## Required action
Line by line, retype the material exactly and leave each picture out.

## Information provided
[Start of Attachment]

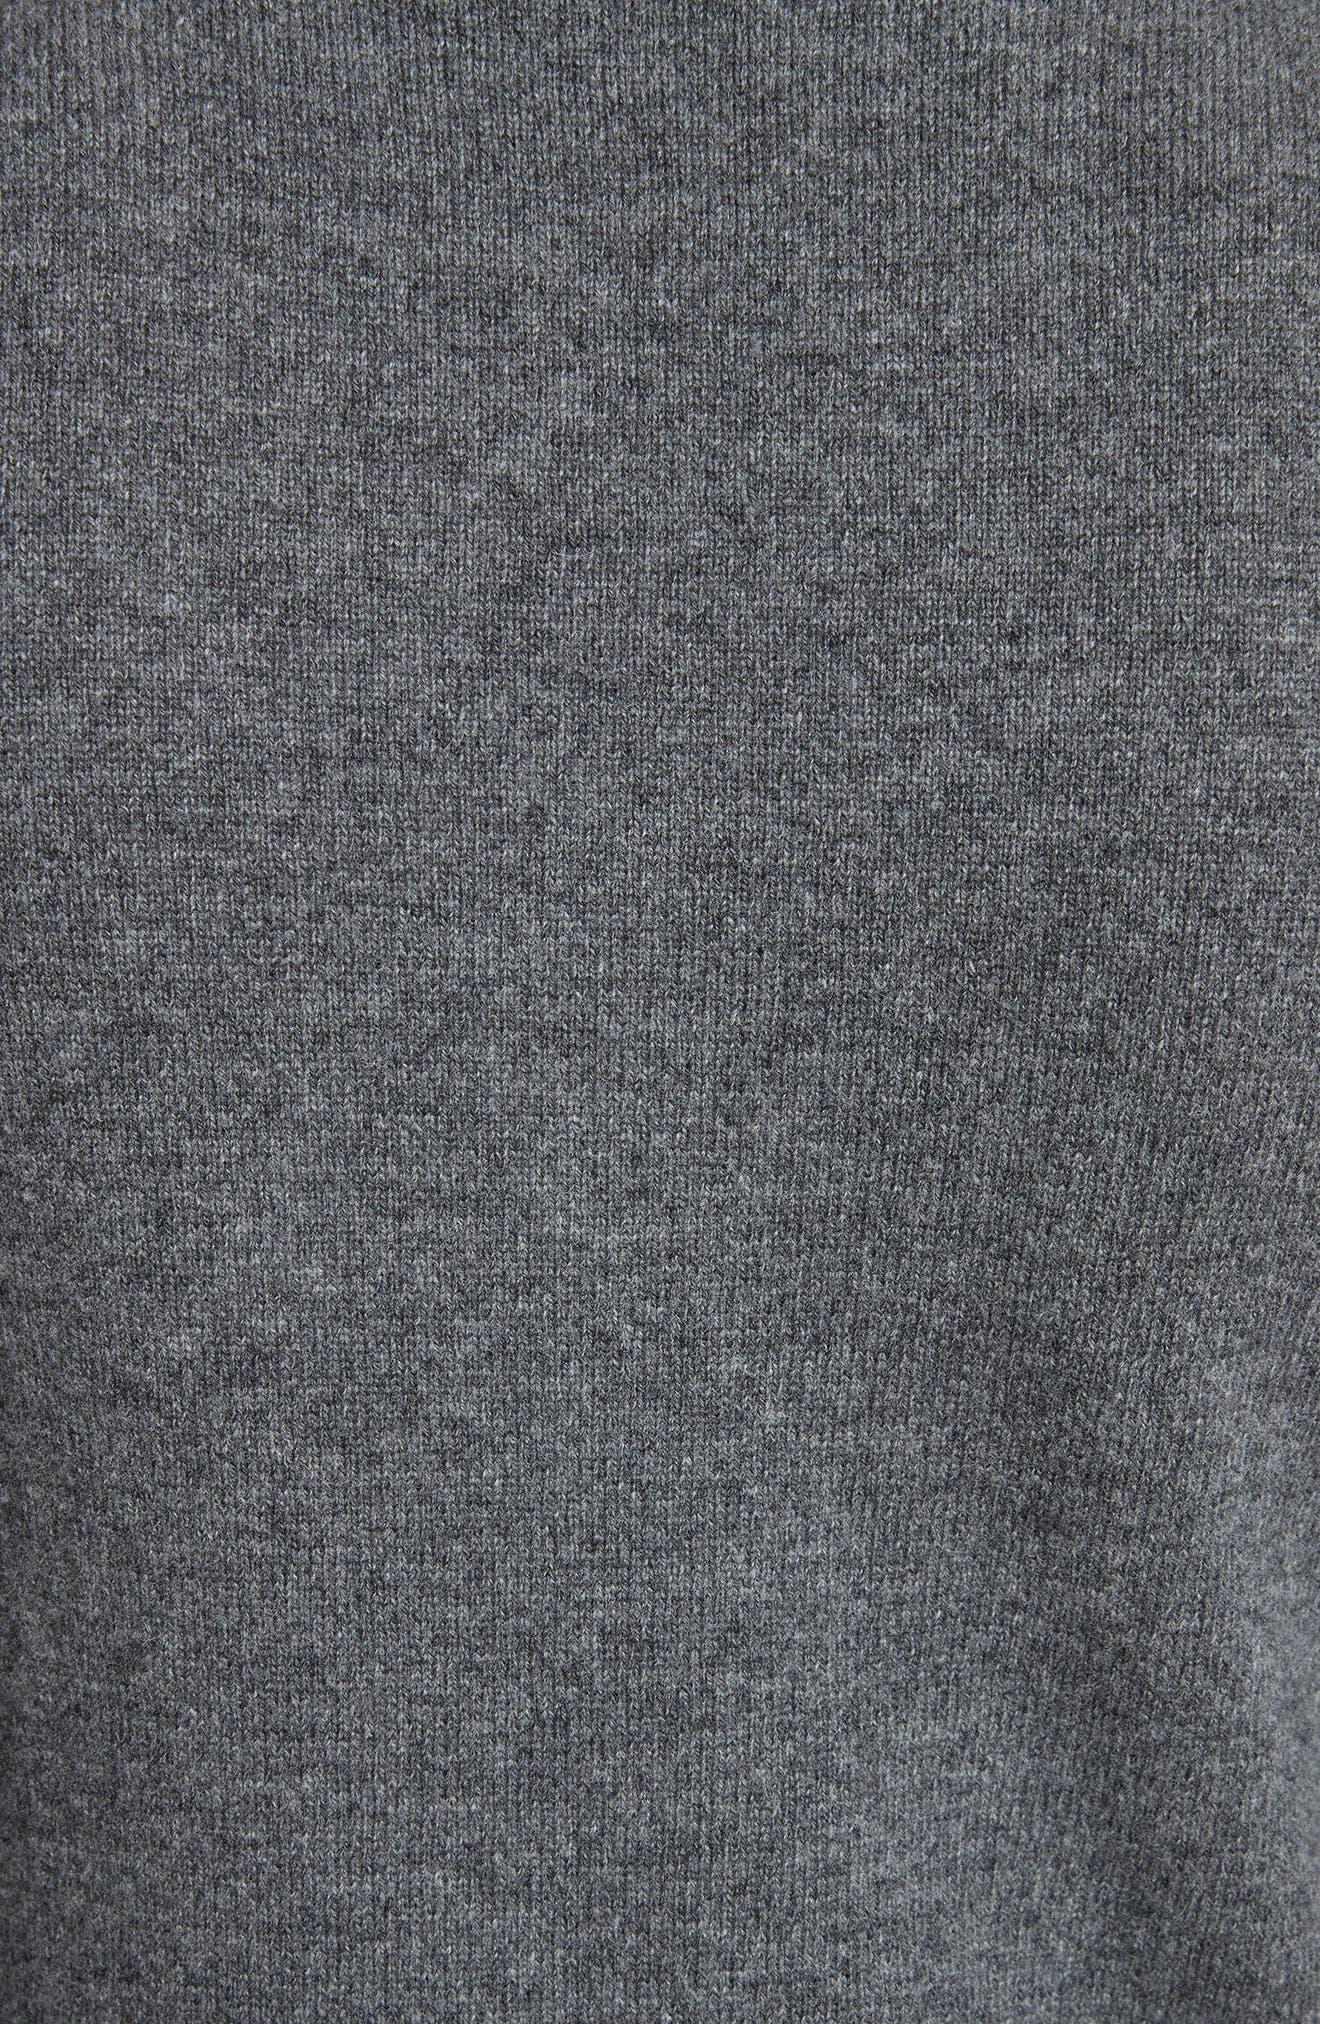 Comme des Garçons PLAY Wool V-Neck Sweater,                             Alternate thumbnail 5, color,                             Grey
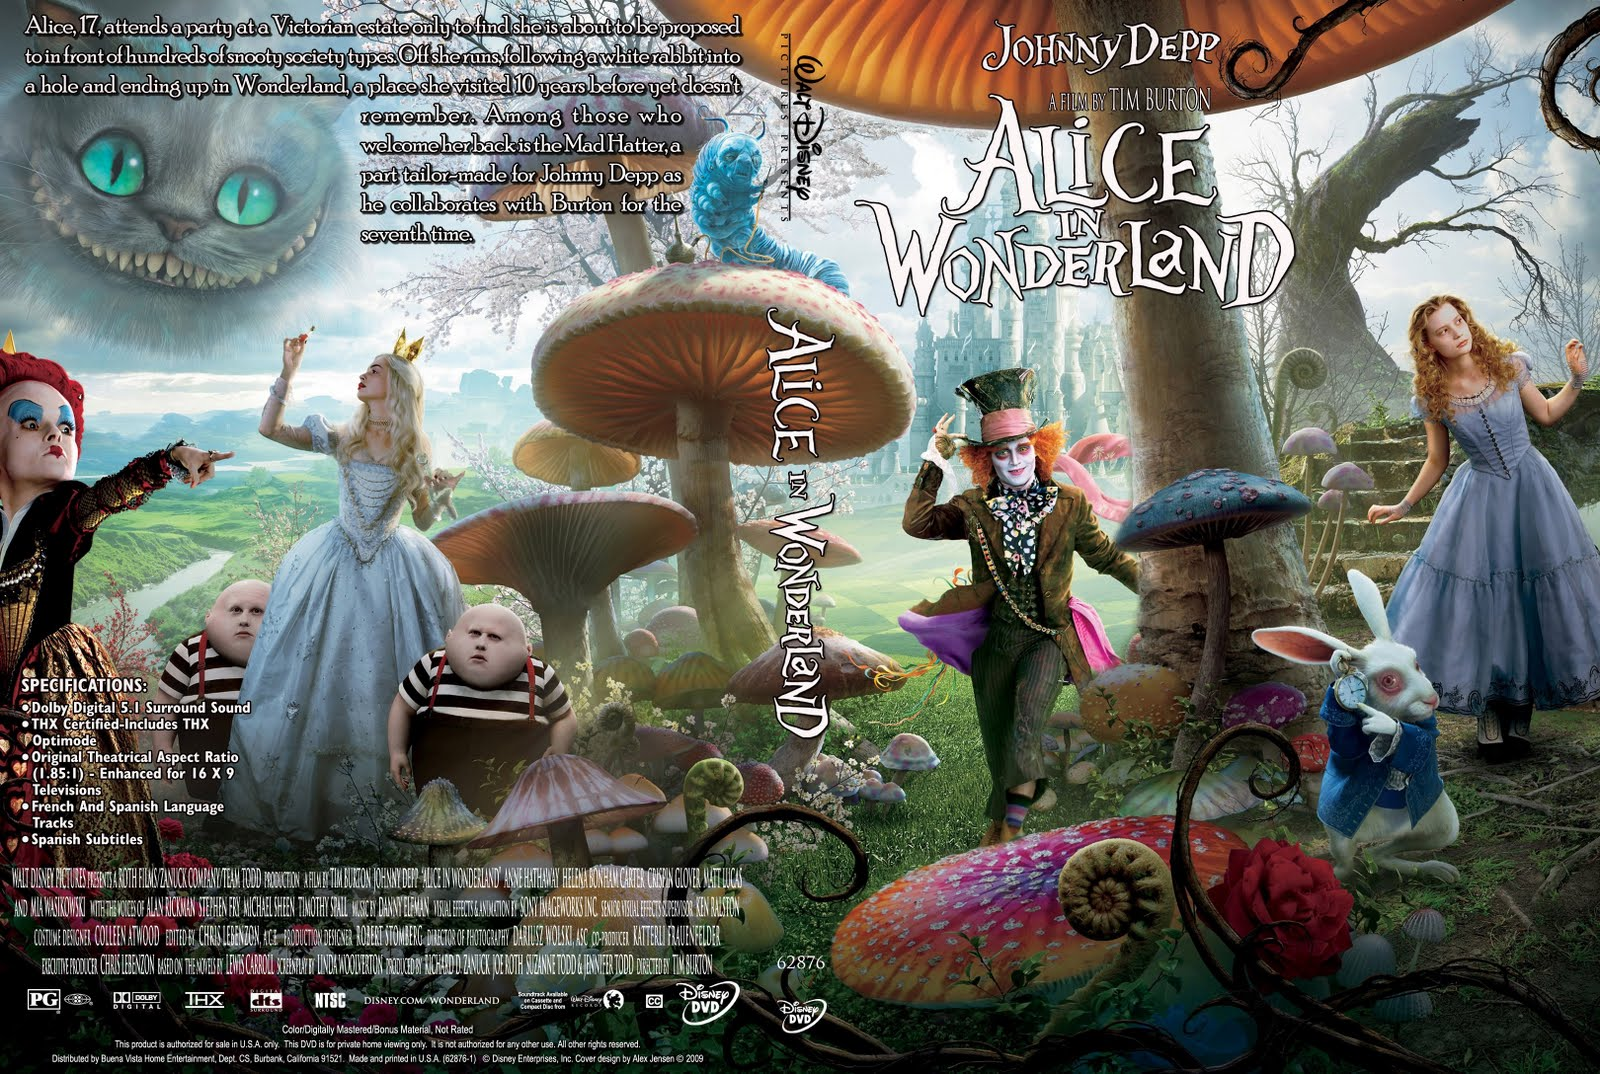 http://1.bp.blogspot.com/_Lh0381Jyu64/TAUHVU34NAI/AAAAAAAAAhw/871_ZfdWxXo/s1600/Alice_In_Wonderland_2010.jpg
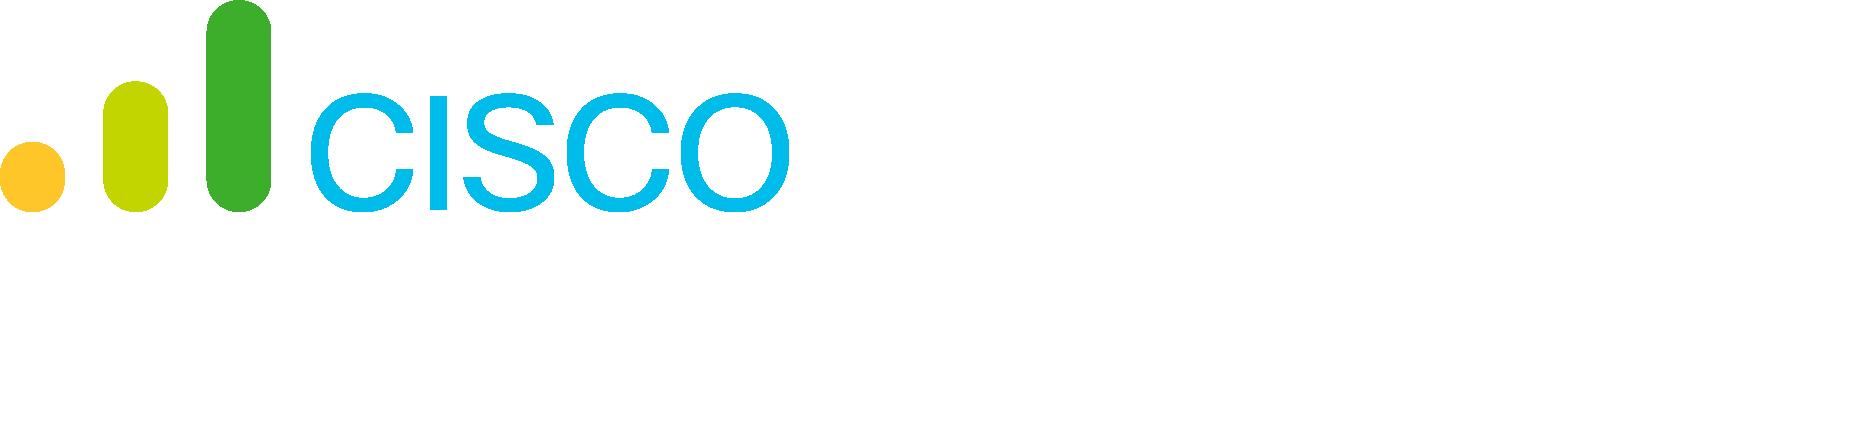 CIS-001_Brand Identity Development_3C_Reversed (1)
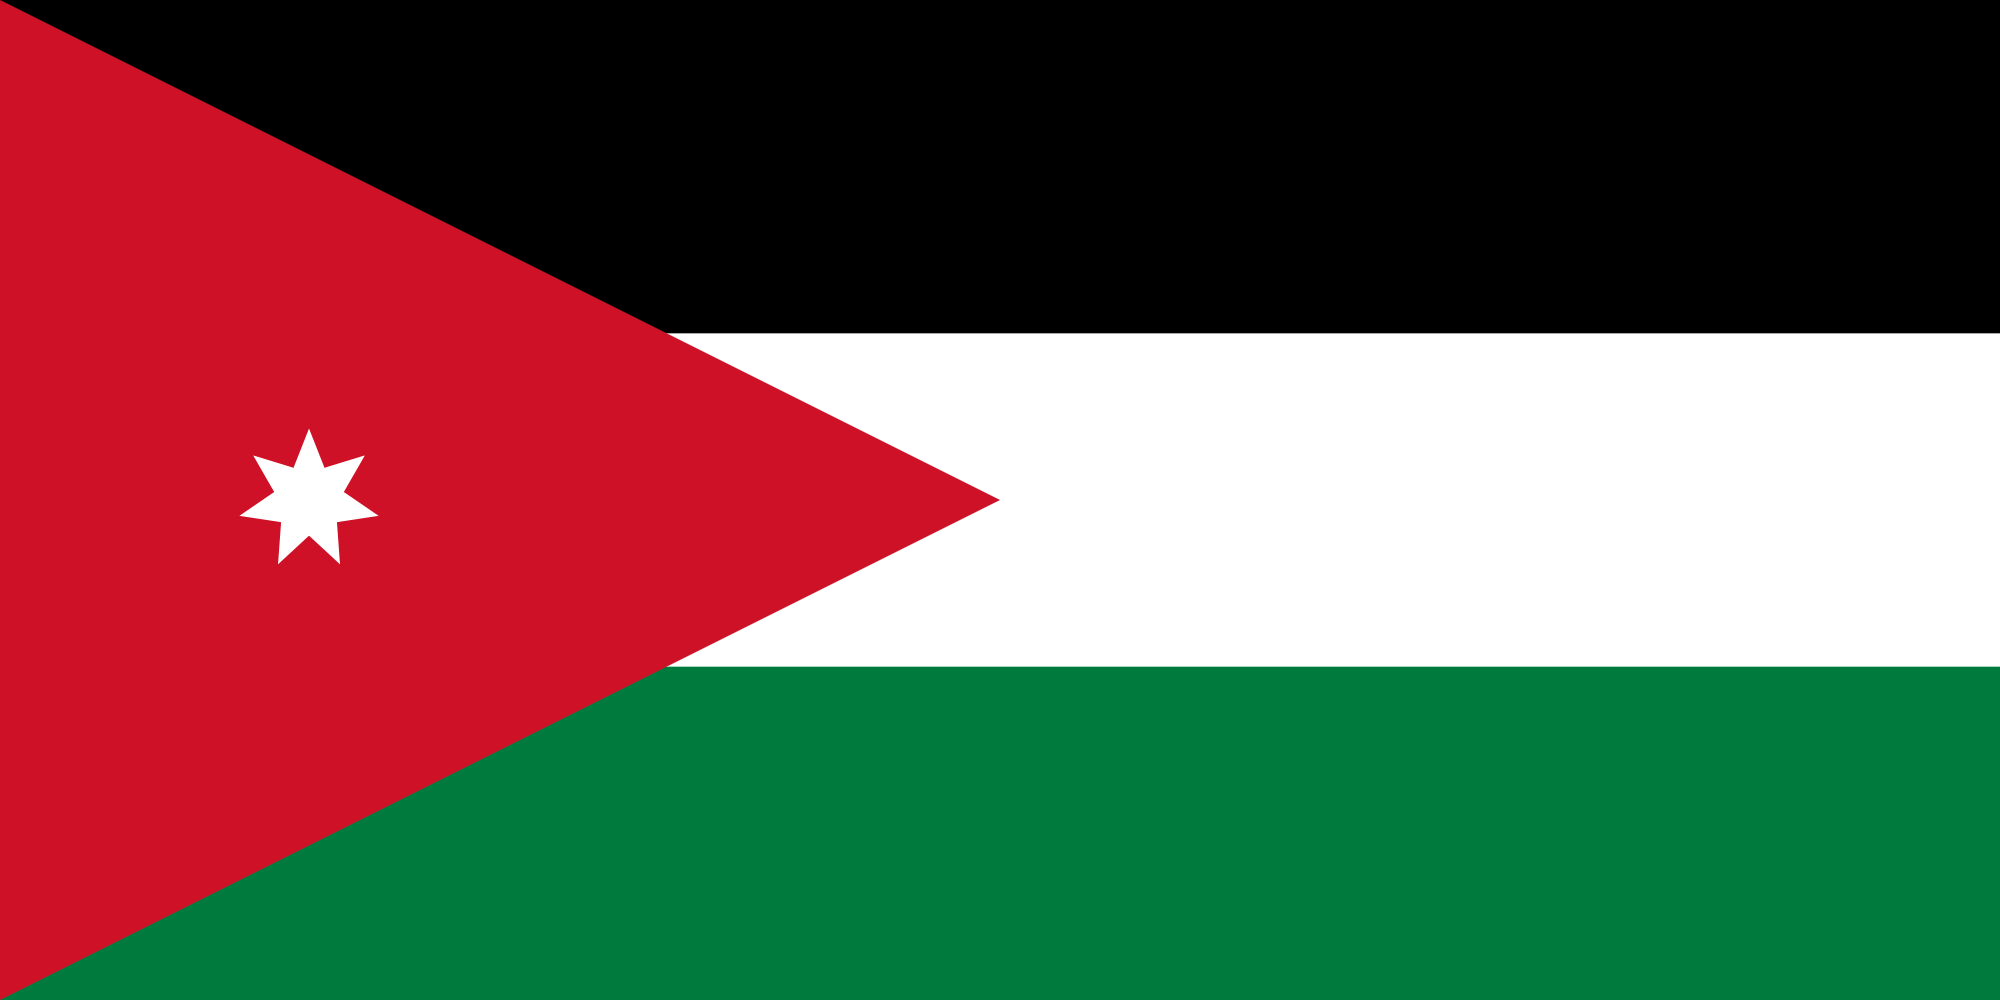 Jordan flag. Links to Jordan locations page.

[End of Attachment]

## Solution to the exercise
 Comme des Garçons PLAY Wool V-Neck Sweater,                             Alternate thumbnail 5, color,                             Grey
 http://1.bp.blogspot.com/_Lh0381Jyu64/TAUHVU34NAI/AAAAAAAAAhw/871_ZfdWxXo/s1600/Alice_In_Wonderland_2010.jpg
 CIS-001_Brand Identity Development_3C_Reversed (1)
 Jordan flag. Links to Jordan locations page.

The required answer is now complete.